== GIVEN INFORMATION

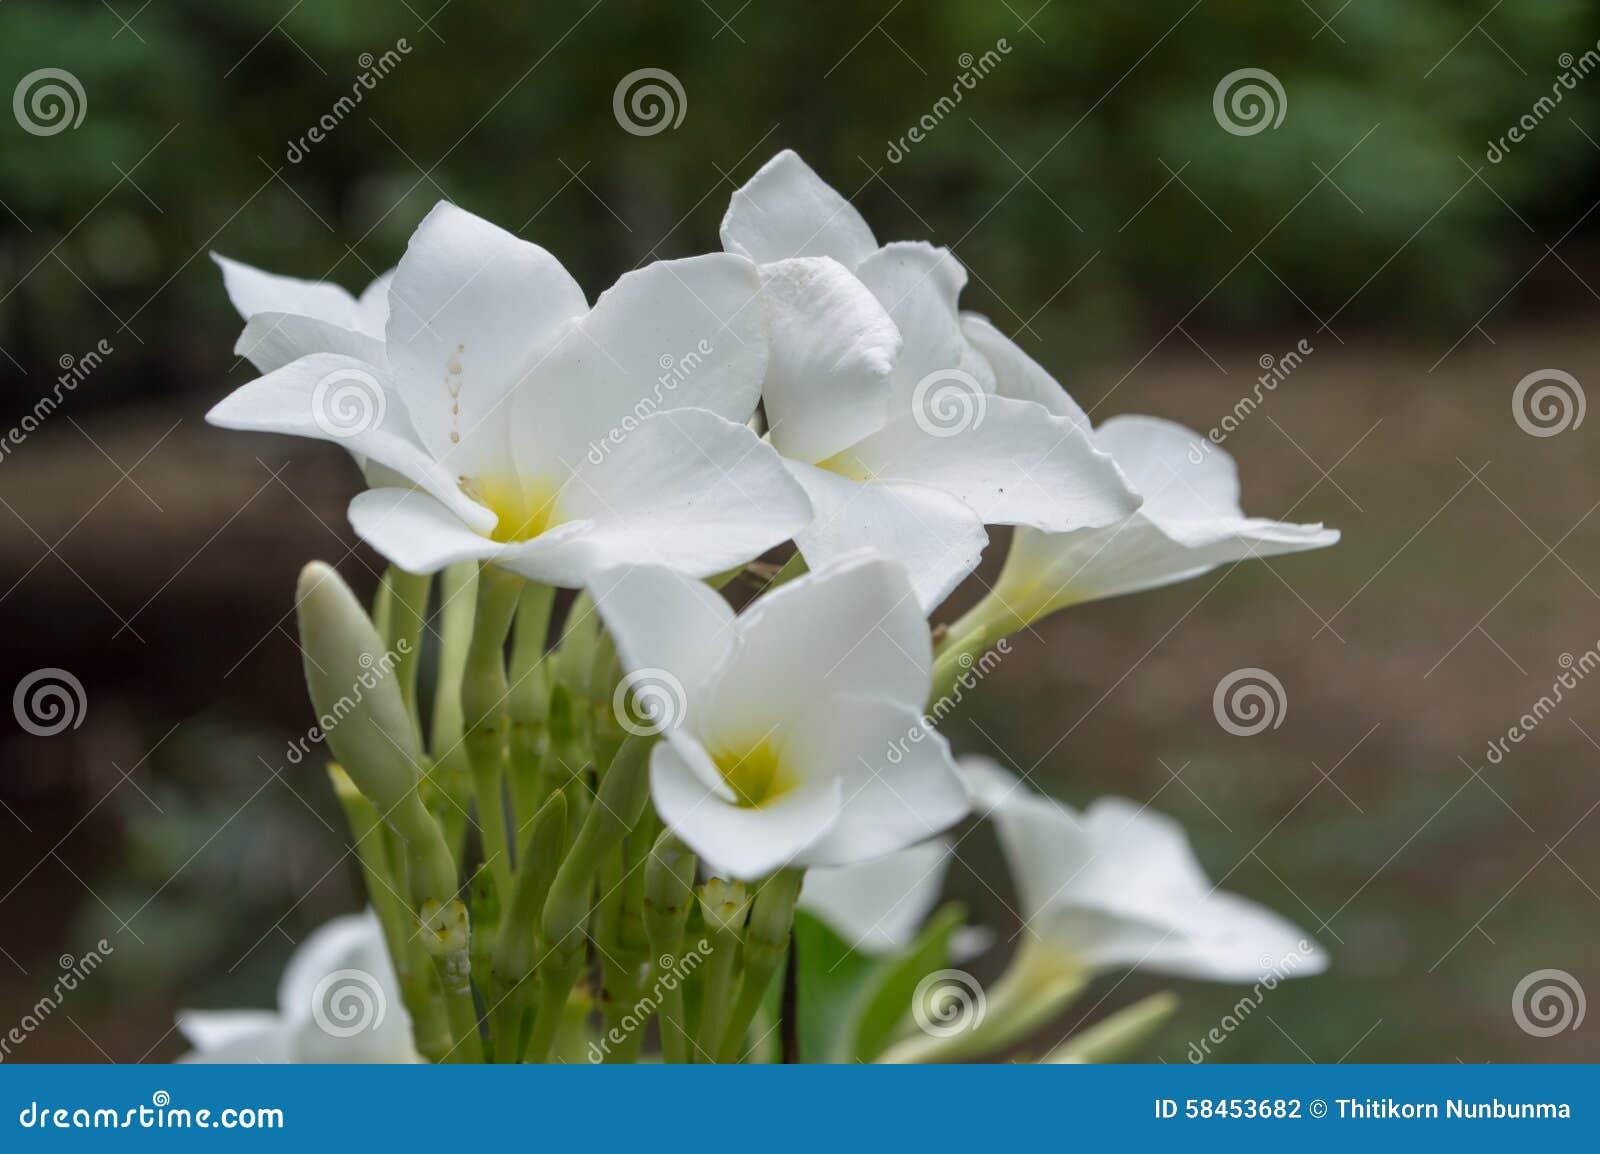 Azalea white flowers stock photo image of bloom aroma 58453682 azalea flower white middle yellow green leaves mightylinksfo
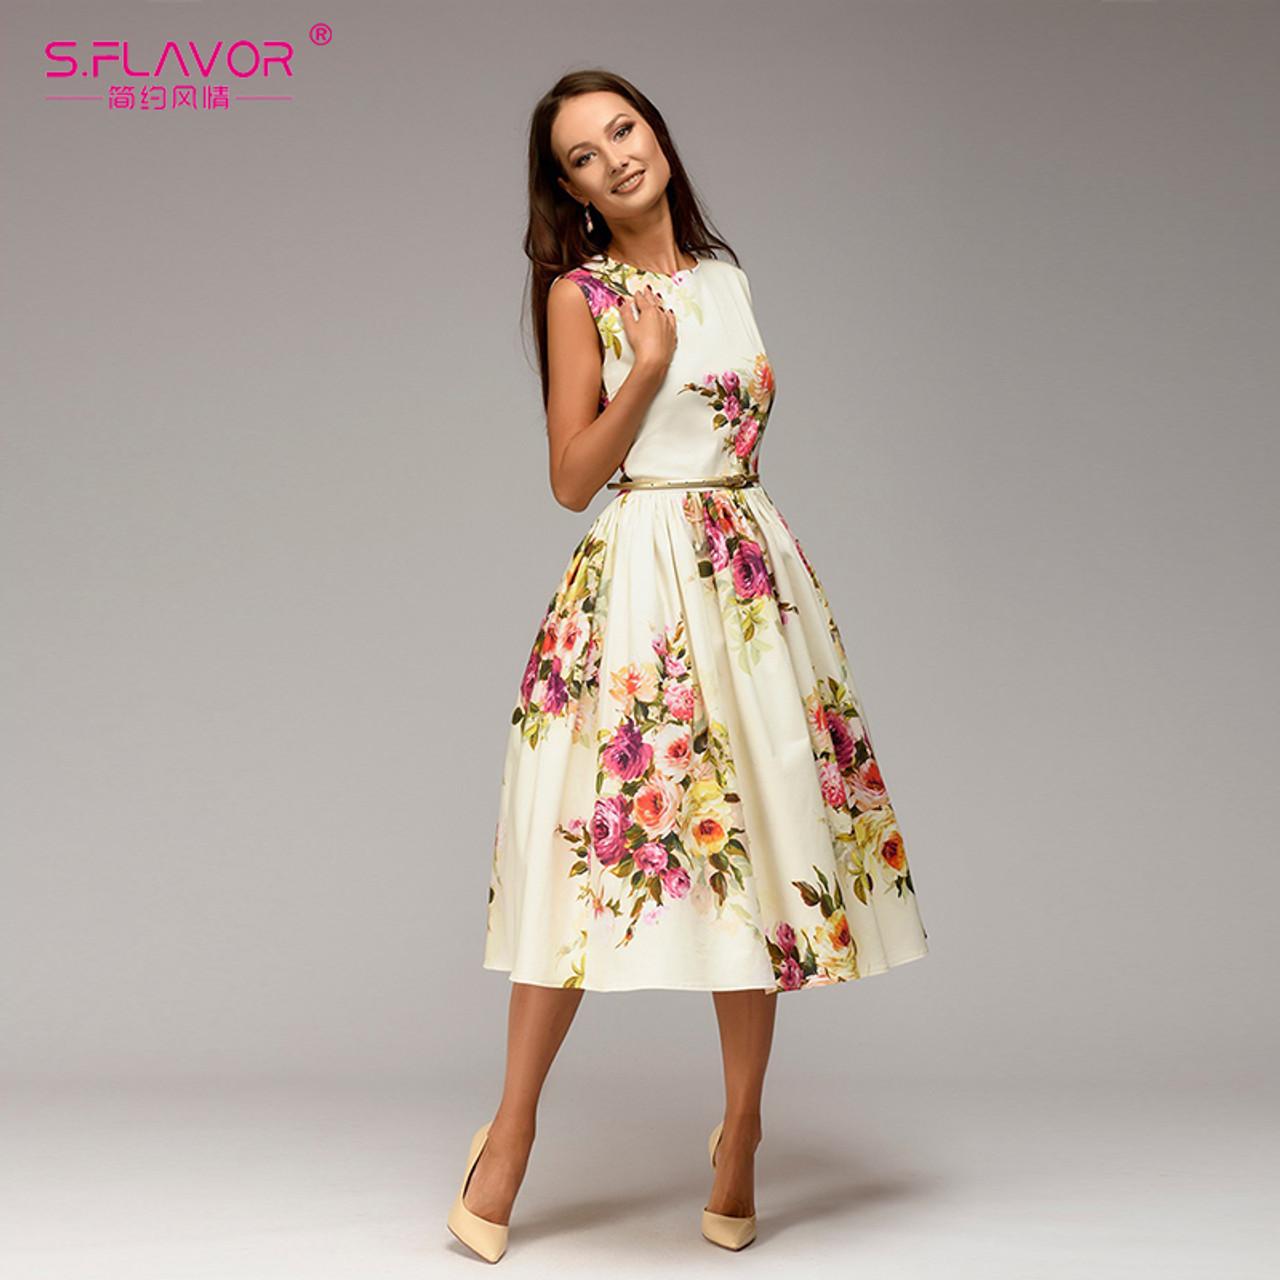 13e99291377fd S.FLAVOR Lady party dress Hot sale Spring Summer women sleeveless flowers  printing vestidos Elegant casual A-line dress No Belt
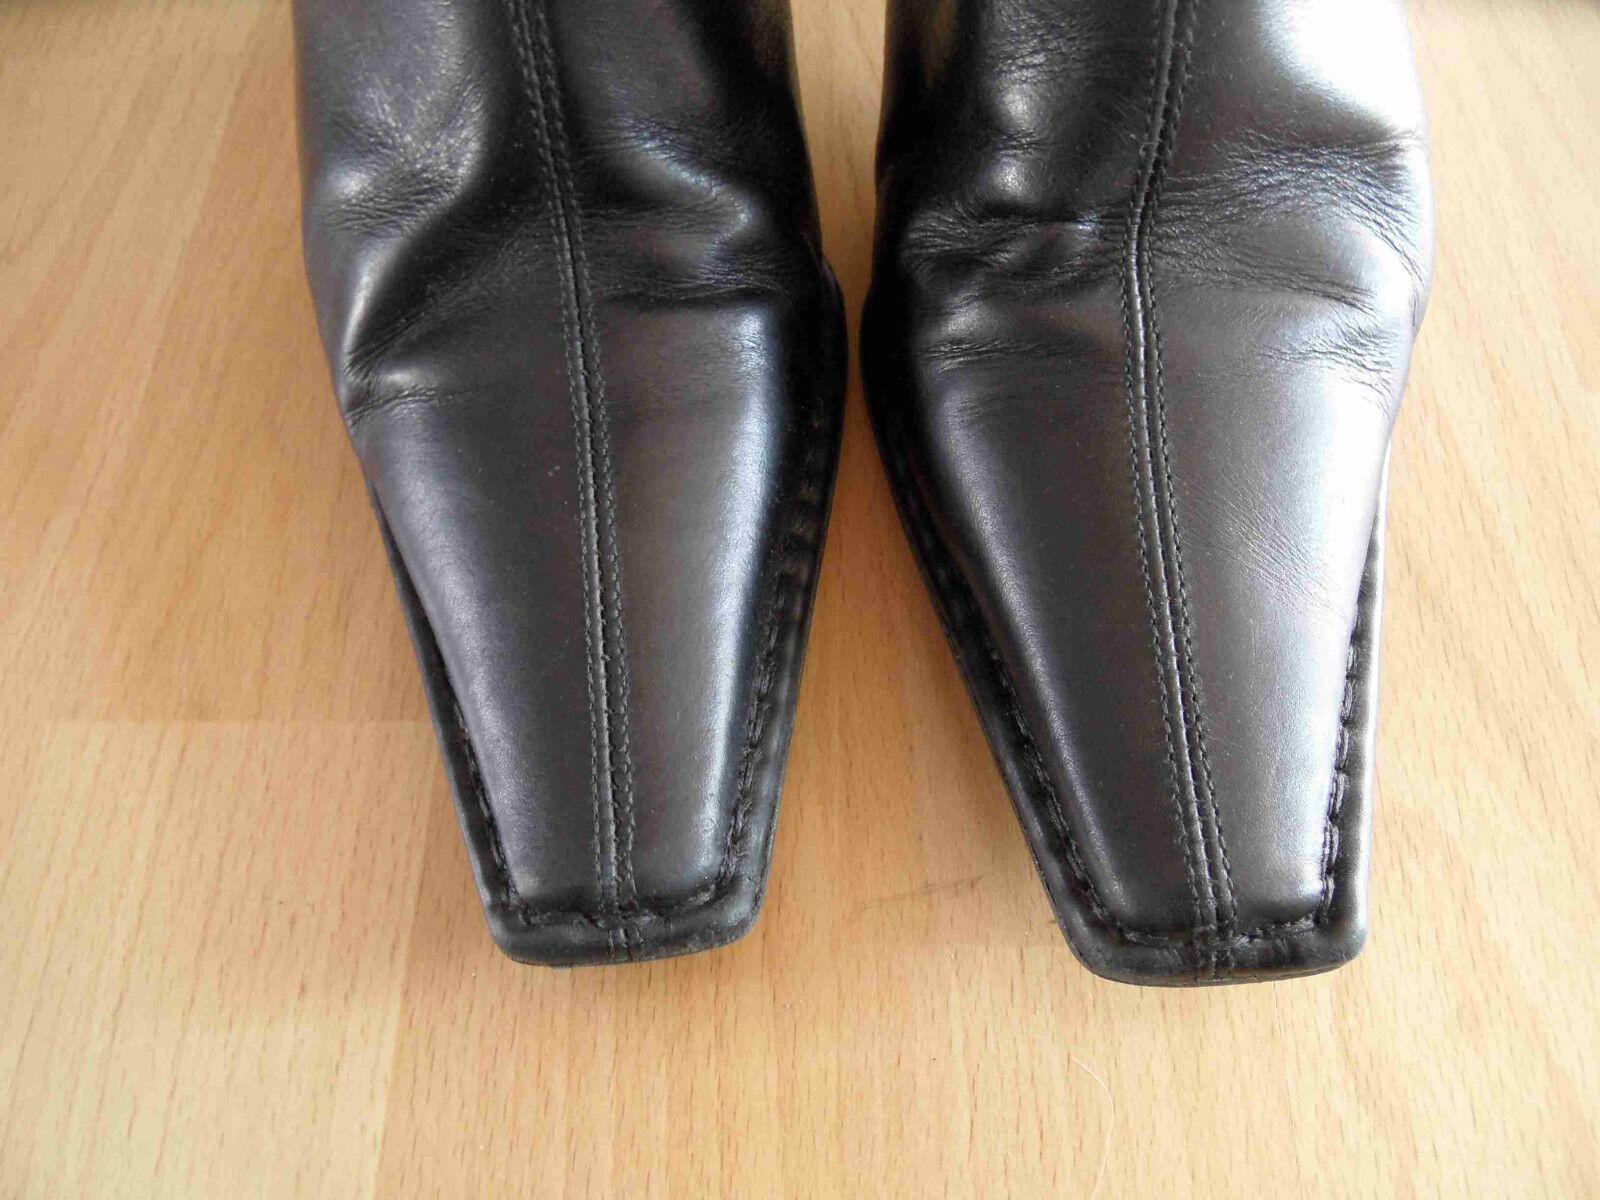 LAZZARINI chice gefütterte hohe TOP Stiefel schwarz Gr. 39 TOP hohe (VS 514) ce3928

====

PROBLEM REQUIREMENTS
Only the pictures are dropped. Otherwise, write out the listing exactly.

ANSWER TO THE EXERCISE
 Azalea white flowers stock photo image of bloom aroma 58453682 azalea flower white middle yellow green leaves mightylinksfo
 13e99291377fd S.FLAVOR Lady party dress Hot sale Spring Summer women sleeveless flowers  printing vestidos Elegant casual A-line dress No Belt
 LAZZARINI chice gefütterte hohe TOP Stiefel schwarz Gr. 39 TOP hohe (VS 514) ce3928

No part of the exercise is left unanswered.